Federation of Arab Republics parliament

The Federal National Assembly (مجلس الامة الاتحادي) was the parliament of the Federation of Arab Republics.

The assembly included representatives from Egypt, Libya and Syria. The assembly was responsible for examining and ratifying legislation for the Federation, approving budgets and ratifying treaties.
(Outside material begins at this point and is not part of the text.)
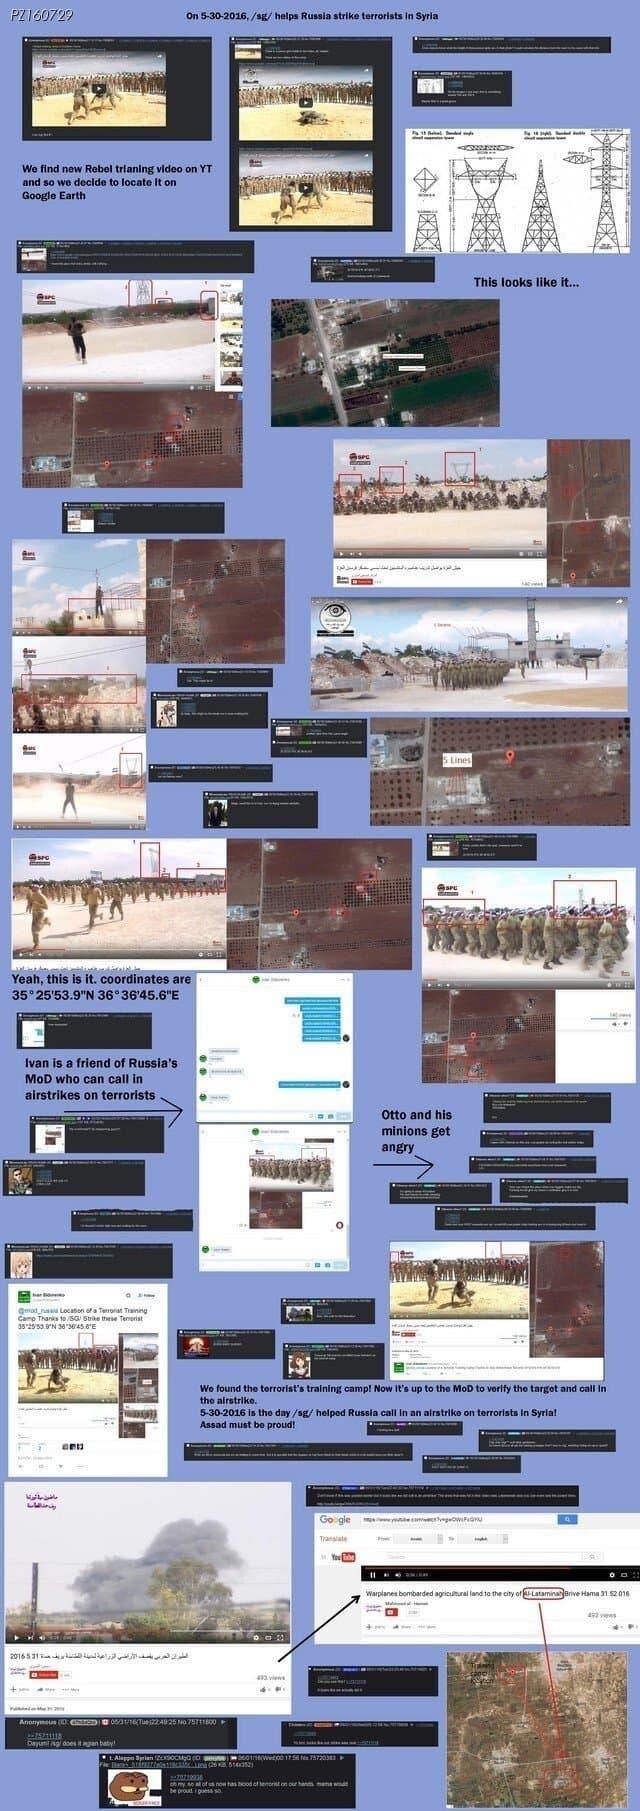 viewimage.php?id=3eb4de21e9d73ab360b8dab04785736f&no=24b0d769e1d32ca73deb87fa11d02831de04ca5aee4f7f339edb1c2bda437836e1a19a84fe073db9aaee47b14ce183601e3f899e6e649e5e9025bc4cc042780d0781597e40c5b57e7b493b5d23138414a180e14ee0f2458610211b711c83c1b12d9750459365a59ca14e47eba83fb660

Each of the member republics was represented by 20 members in the Federal National Assembly, elected amongst the members of its People's Assembly. Members were elected on four year mandates. Members elected had to resign from their mandates in their republican parliaments. The Federal National Assembly met twice a year, opening its inaugural session on March 12, 1972 and holding its last session in October 1975. The sessions lasted for three months.

==Elections==
- Egypt
The People's Assembly of Egypt elected the 20 members Egyptian members of the Federal National Assembly. One of the elected members was Dr. Abdul Hamid Hassan, former student union leader and member of the Arab Socialist Union Central Committee.
- Libya
The Libyan members were elected by popular vote on March 5, 1972, some 500,000 cast their votes. The vote had been scheduled for February 27, 1972 but was postponed as new requirements for candidates were introduced. As per the requirements from the law from February 27 candidates were required to be Libyan citizens, hold a secondary education certificate, be 30 years old, hold membership in the Arab Socialist Union and deposit 50 Libyan dinars (most of these requirements were added ad hoc after the postponing of the vote in February 1972). Voting was compulsory.

The election result was declared on March 7, 1972 by Minister of Interior Major Abd ul-Mumim al-Huni. The 20 members elected from Libya were Bashir Muhammad al-Rabiti, Al-Taher Salam Kridan, Ali Mustapha al-Misrati, Milad Mohammad Ali al-Oud, Milad Ali Muhammad Abu Amjat, Hassan Abd ul-Hafiz al-Jihani, Khalifa abd ul-Matlub Yunus al-Warfali, Saleh Massoud Bouisir, Dr. Kheiri el-Saghir Abu Laqma, Abdullah al-Hush Abdullah, Ammar Ahmad al-Sa'adi, Mohammad Issa Yehiya al-Barouni, Ali Mustapa Mazak Kadad, Ibrahim Obayd Sa'id, Abbas Mohammad Abd un-Nabi al-Qadiri, Abdus Salam Mohammad ben Nur, Mohammad al-Hazmi Saleh al-Trahouni, Maatuq Mohammad Maatuq al-Zubeidi, Maftah Mohammad bin Issa and Ali Senoussi Abd us-Said al-Mansouri.

==Speaker==
Dr. Kheiri el-Saghir Abu Laqma of Libya was elected as the speaker of the Federal National Assembly, In his inaugural speech in March 1972 Abu Laqma hailed the Federation of Arab Republics as a step towards Pan-Arab unity. Abu Laqma was later replaced by fellow Libyan Bashir al-Rabiti as speaker of the assembly.

==Disbanding==
The last session was held in October 1975. The March 1976 session was postponed indefinitely, and the Federation of Arab Republics was dissolved in November 1977.